There is something about the annual reading of Numbers in my OYB that conjures that sense that comes from waiting to see the dentist-- you're there for a reason, but is it worth the wait?
Today's reading starts with Ch.14 and that reality does nothing but reinforce my angst... Israel... really? [Jim... really?]
Recap for biblical neophytes:
God knew that a deadly famine was coming that could do great harm to His chosen people, so he used brotherly snarkiness to propel Joseph into a cascade of events, not unlike a Pachinko game, that lands the golden boy as big dog of Egypt. Having set that piece in place, Abba brings over Israel into a protected, fertile land to chase ungulates for a couple centuries... long enough to put their homeland back in shape and make the locals REALLY unpleasant to hang out with. [FYI- sometimes Abba uses jerks and mean people to prepare your hearts to leave a bad situation, so you can experience the MORE-ness He has for you... stop settling for pig slop... Jim.]
By now the locals have enjoyed using/abusing these migrant workers and so Abba raises up Moses by putting him into Pharaoh's own household, educating him in leadership, then sends him out into the wilderness to practice leading huge flocks of clueless Sheep, then at the right time sends Moses back and does a truckload of over-the-top miracles by God's power, demonstrating that he is a worthy leader and has an "in" with God. Because Pharaoh is an entitled jerk and a sorry leader-- because his arrogance and false sense of self is so corrupt, God simply uses that factor to wipe out Egypt's firstborns, which makes the overlords so eager to loose the migrants that they end up subsidizing their exit with bundles of loot.
This is to get Israel back to their homeland, and away from their comfy little slave-life of Less-ness.
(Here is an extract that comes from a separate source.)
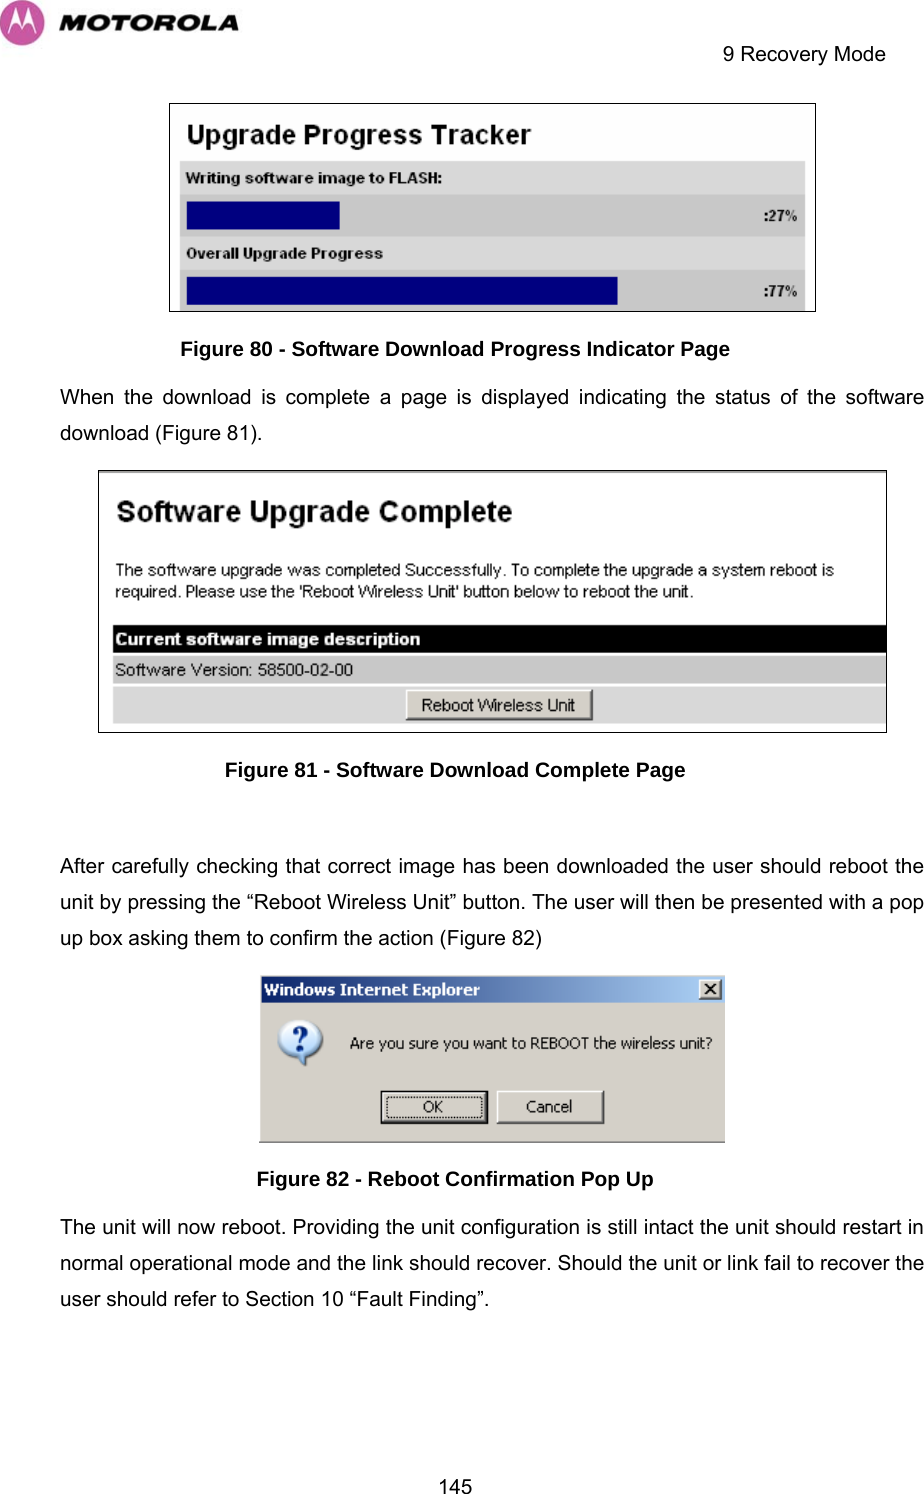     9 Recovery Mode  145 Figure 80 - Software Download Progress Indicator Page When the download is complete a page is displayed indicating the status of the software download (Figure 81).   Figure 81 - Software Download Complete Page  After carefully checking that correct image has been downloaded the user should reboot the unit by pressing the “Reboot Wireless Unit” button. The user will then be presented with a pop up box asking them to confirm the action (Figure 82)  Figure 82 - Reboot Confirmation Pop Up The unit will now reboot. Providing the unit configuration is still intact the unit should restart in normal operational mode and the link should recover. Should the unit or link fail to recover the user should refer to Section 10 “Fault Finding”.

To help in motivating His people get moving, he puts Pharaoh's army into chariots with lots of scary implements and has them chase Israel through a giant gap through an inland sea, just to make sure they get going.
Once through the middle of the sea, God makes pastry rain down daily for breakfast to feed his people, making water appear in crazy ways in order to take care of Moses' new Flock in the wilderness. Israel continues to be stupid. Continually. Stupid. Finally God brings His people to the gates of the promised land, and send some scouts to go see that it really is a luxurious place with GI-normous amounts of fruit. The scouts gather up the amazing fruit, bring it back to the people, and convince the entire NATION that trusting God is a bad idea. They still have fruit on their breath. That takes us to Chapter 14.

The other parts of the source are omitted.